The deals you're seeing on everything from houses and cars to televisions and furniture won't last forever. As the economy improves in coming months, they'll evaporate. Luckily, for a host of goods and services, the sale of the century (literally) is still on. A look at 10 things you may want to buy while they buying's good. [via forbes]

1. A House
Housing prices finally seem to be bottoming out in most regions. There are also some great buys available due to short sales and foreclosures, which accounted for 40%-45% of purchases in February, according to the National Association of Realtors. Falling interest rates (under 5% for a 30-year mortgage) and government incentives ($8,000 first-time home buyer's credit) aren't bad either.

2. A Car
With the auto industry suffering, manufacturers are offering huge incentives on their swelling inventories of new cars. Buyers with good credit can get 0% financing on most types of cars and some cash rebates can be upward of $6,000. Don't rule out a used car either: The February 2009 Consumer Price Index shows a 10% decrease in used car prices from a year ago.

3. A Vacation
Need a break? Now's the time to take one. According to Expedia.com research, average hotel prices in many desirable destinations have plummeted. For example, hotel prices in Las Vegas are down 34% from a year ago. Average Caribbean cruise prices have fallen 8% compared with the first quarter of 2008. Several travel agents also bragged about booking week-long Alaskan summer cruises for as low as $1,000 per person, including airfare and taxes.

4. Toys
Parents can breathe a sigh of relief: More affordable toys are on their way for the holidays. According to the Toy Industry Association, Inc., toy manufacturers are responding to the economic climate by developing low-cost toys.

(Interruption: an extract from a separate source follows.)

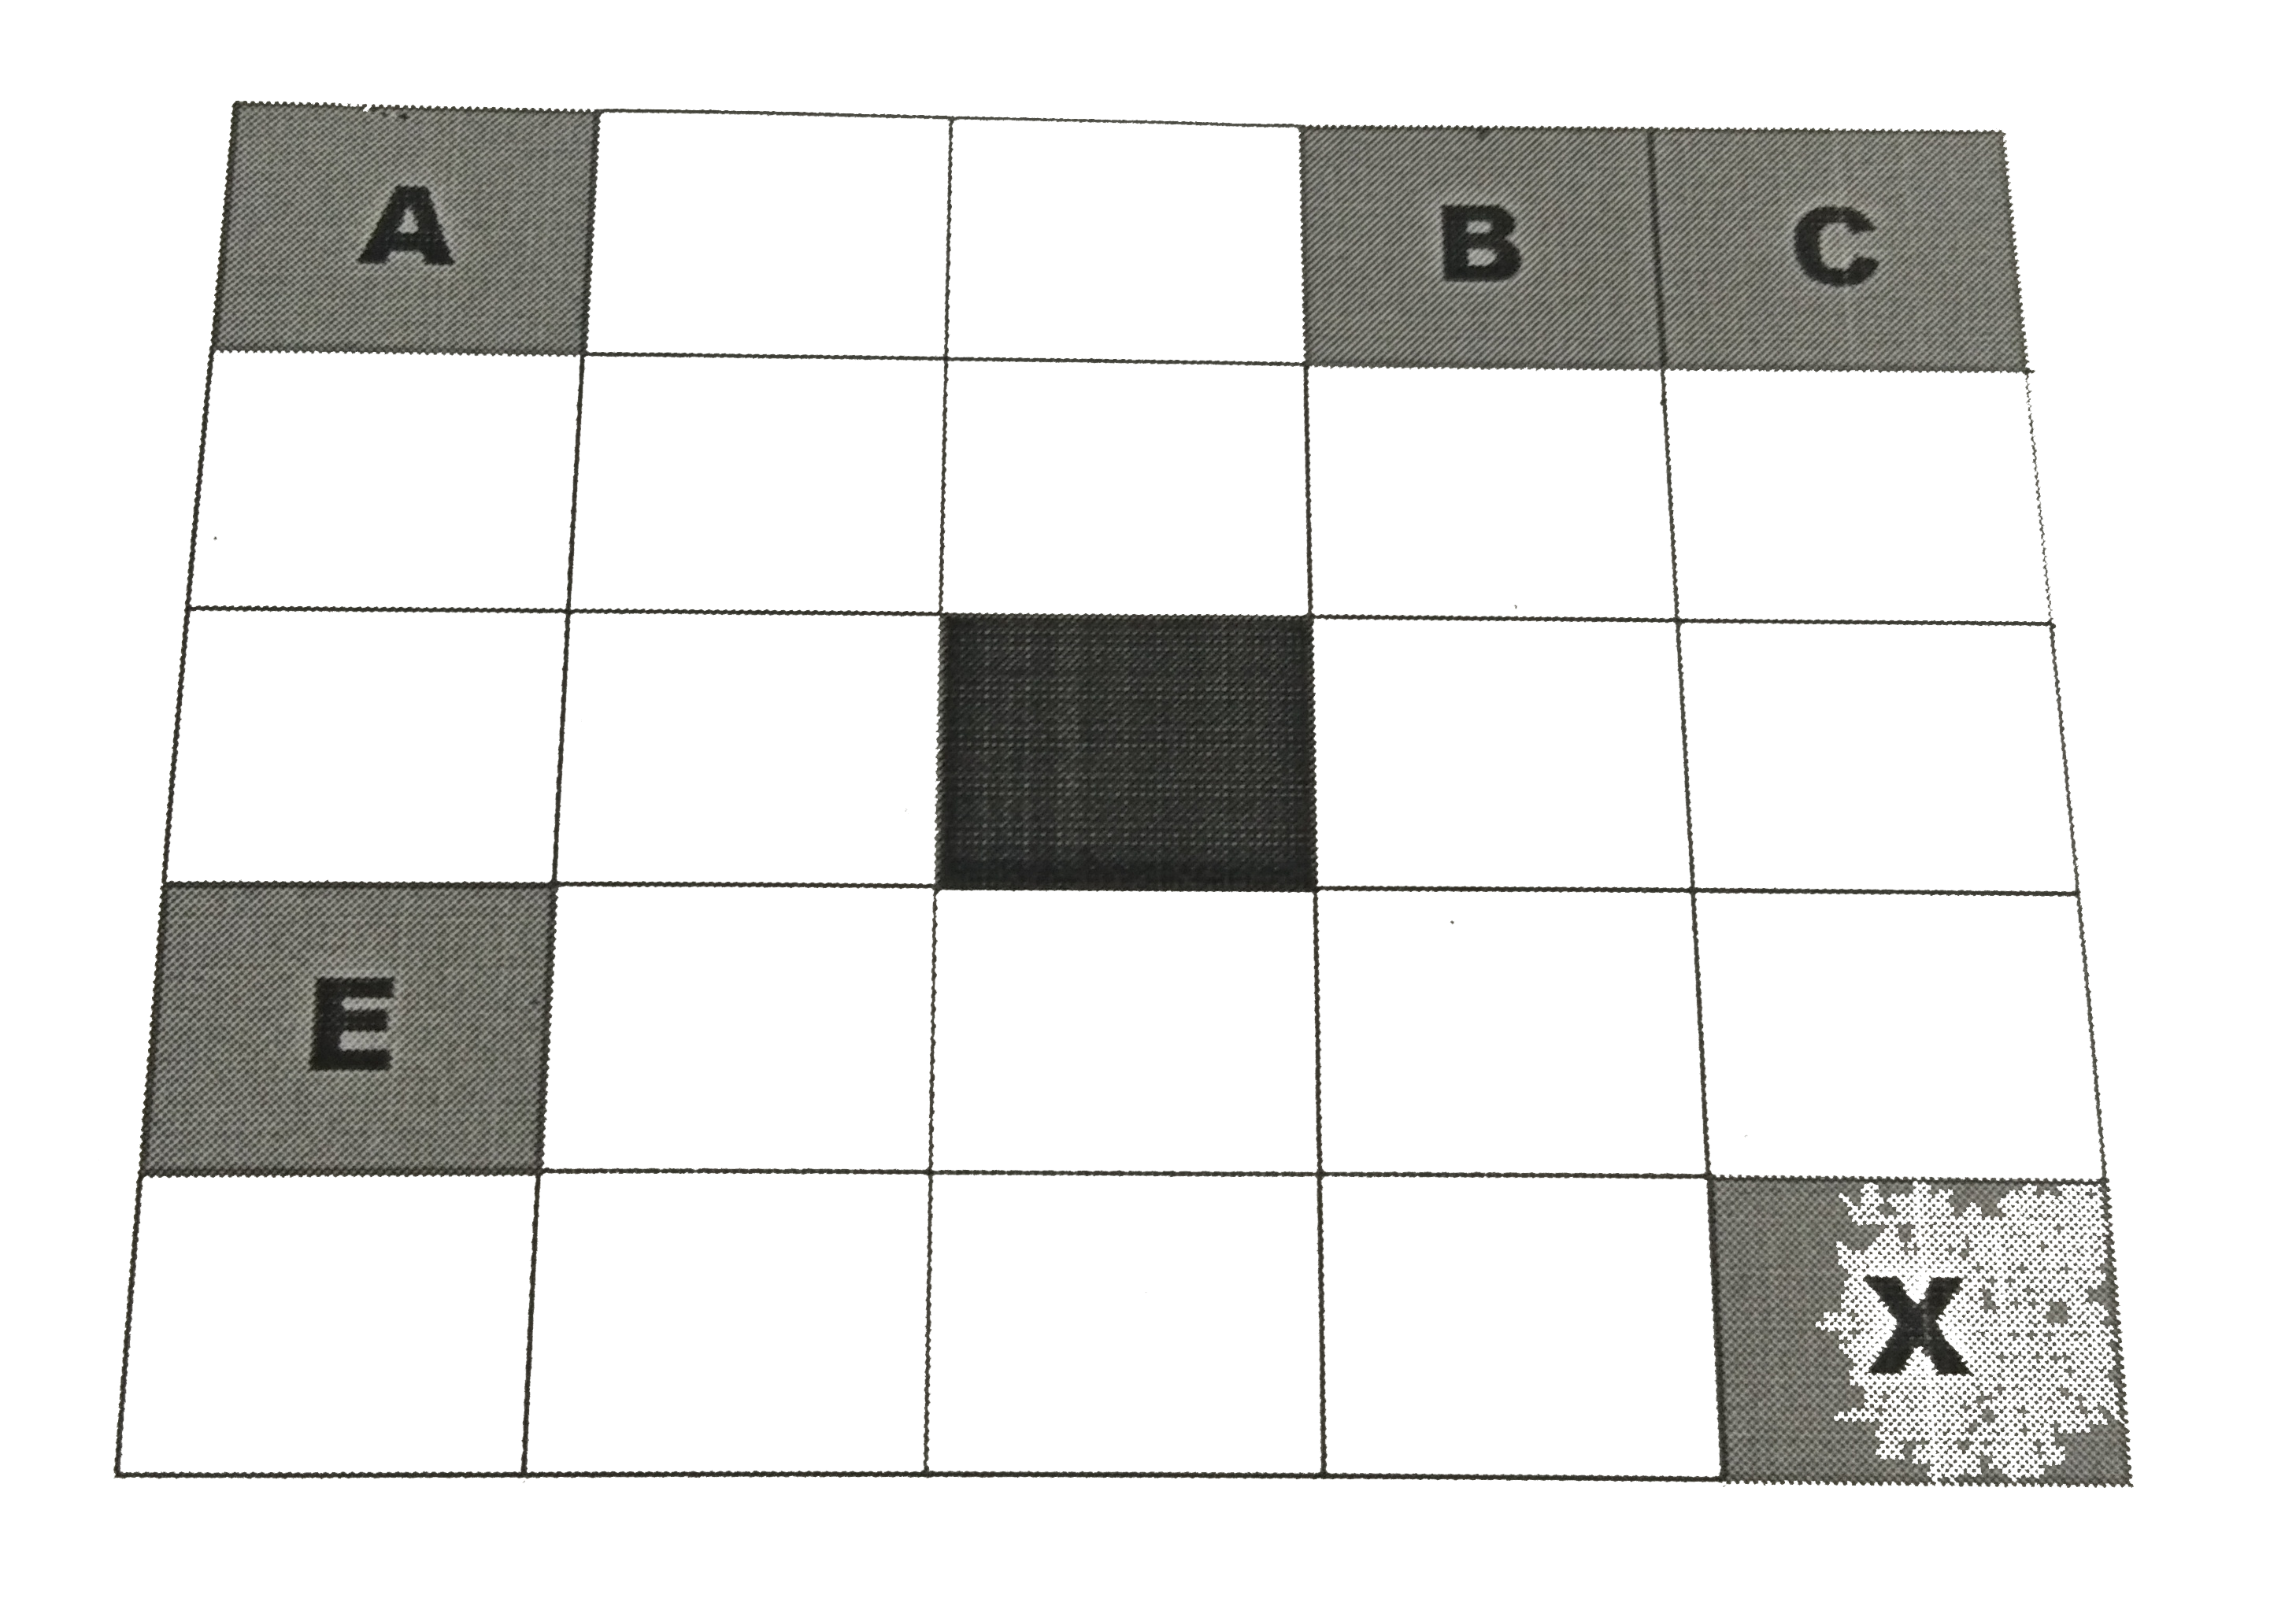 The goal of each puzzle is to end up in center space within the specified number of moves. Your location is indicated by X. There are five robots that you can control, indicated by A-E. Each robot travels horizontally or vertically,       but only directly toward another robot – as far as it can go until hitting it edge to edge. A set of moves is a continuous sequence of such moves made by the same robot. What are the number of moves made by each robot, total number of moves by you and total set of moves for each case? (A-B-C-D-E-X-Total)

One toymaker, Wild Planet, has priced their entire 2009 line under $25. Look for lower-priced toys starting to hit stores this summer.

5. High-Dividend Stocks
The S&P 500 is down 40% from a year ago and could fall further, but for those willing to brave the market and wait, deals abound. Inflation could make it an even better time to buy. Washington's bailouts and ballooning budgets may make stocks with a history of high dividends a good option--they take advantage of today's low stock prices and implicitly protect investors from future inflation through regular dividend payments.

6. A Laptop
Paul Ryder, vice president of consumer electronics for Amazon.com, says laptop prices have dropped thanks to the interest in netbooks. Although the Consumer Price Index does not break out laptop computers from others, it seems to broadly support this claim, with personal computer prices falling 13% in February from a year earlier.

7. Diamonds
Don't wait for the economy to improve before popping the question. Diane Irvine, chief executive officer of leading online diamond retailer bluenile.com, says that the recession has quashed demand for diamonds, creating deals. According to Ken Gassman of the Jewelry Research Institute, prices for polished diamonds are down 14%, on average, from their highs last summer.

8. Women's Clothing
According to the Consumer Price Index, women's outerwear, shoes and accessories have all seen lower prices in February compared with a year ago. Recently, women have begun flocking to "value" retailers, according to Piper Jaffray retail clothing analyst Jeffrey Klinefelter. That means less expensive clothing stores can lower their prices through lower production costs, and more expensive clothing stores will be forced to have more sales and clearance racks.

9. A Television
Each year it seems as though TVs get cheaper and cheaper, but this year those decreases are starting to make larger flat-panel TVs far more affordable. The radio/television category in February's Consumer Price Index was down 9% from a year ago as more manufacturers get into the flat-panel business, driving prices down.

10. Furniture
With fewer people buying houses, fewer people are buying new furniture. Jim Sluzewski, a spokesman for Macy's, says furniture demand across the industry has noticeably decreased over the past year. That's driven many furniture retailers out of business, according to John Baugh, an analyst who covers the furniture industry at Stifel, Nicolaus & Co., Inc. Retailers still in the market have to respond to those liquidation sales with price-cuts and clearance items of their own. Baugh also noted that consumers with good credit can also often obtain very attractive financing.